With reference to point F) of the dispute (telemarketing carried out by the stores), what the Company asserted (see brief 12/5/22) i.e. that the stores cannot "contact telephone numbers not present in the lists provided by the company" ( so-called 'off-list' subjects; see provision 15 January 2020 n. 7, web doc. n. 9256486) and which, moreover, only high-spending customers are contacted does not allow exceeding what was declared by the same during the inspection, pursuant to art. 166 of the Code, and ascertained in the corporate systems, namely that: "also on the basis of the analysis of the CRM field, the personal data with the consent to send text messages or to receive promotional phone calls are treated, in reality, in both ways indicated (text message and telephone call with operator), due to the "model established and indicated by the German parent company in a standard format for the various European countries where we are present with stores." That is to say, in summary, that some high-spending customers - despite having given their consent only with regard to one of the two methods - were contacted using both methods. Furthermore, in its defense writings, the Company has expressed its awareness of the critical issues that emerged during the inspection, declaring that it has taken steps to promptly intervene to improve the relative procedure and therefore its compliance with current legislation. Therefore, even taking into account the sporadic nature of the activity in question and the measures introduced by the Company, the violation of articles must be considered confirmed 5, par.2 and 24, of the Regulation, as well as, in a strictly connected way, of the art. 25, paragraph 1, of the Regulation. In this regard - taking into account above all the residual nature of the processing activity in question as well as the measures that the Company has ensured that it has already introduced - it is not necessary to adopt any corrective prescription.

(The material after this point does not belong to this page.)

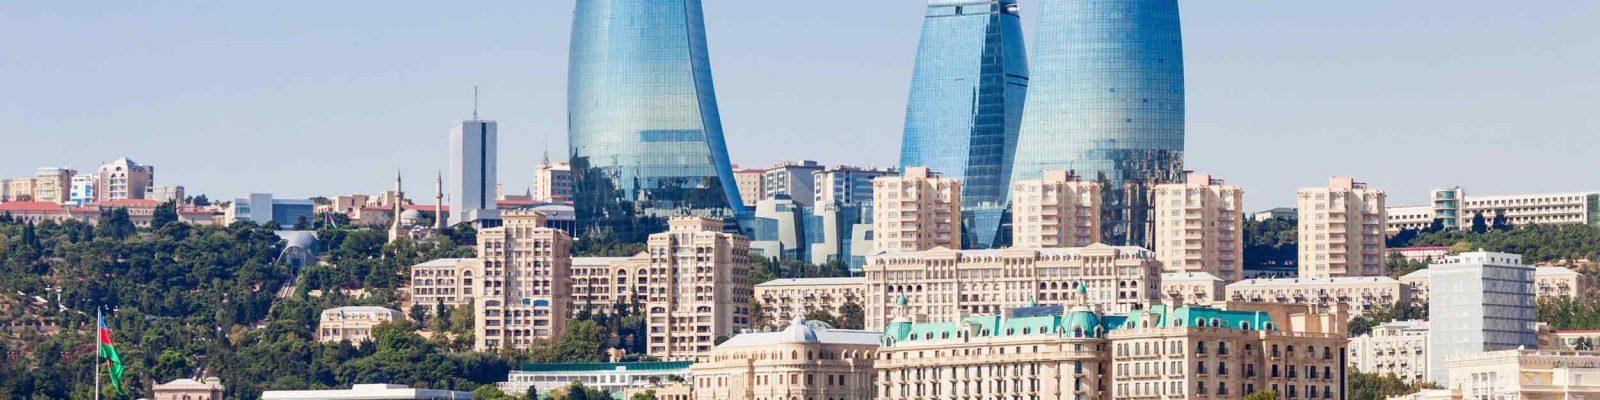 Vista dei grattacieli di Baku in Azerbaigian

Also with reference to point G) of the dispute (processing relating to the blog), given that the arguments put forward by Douglas - regarding the insignificant number of 'real' users who appear to have released comments and the forthcoming discontinuation of the same - are not suitable for exclude liability, the violation of the combined provisions of articles must be confirmed 5, par. 2 and 24, as well as article 13 of the Regulation, but - considering the sporadic and no longer current nature of the processing activity in question - it is not considered necessary to adopt any corrective prescription.

5. OVERALL RESULTS AND CONSEQUENT MEASURES TO BE ADOPTED.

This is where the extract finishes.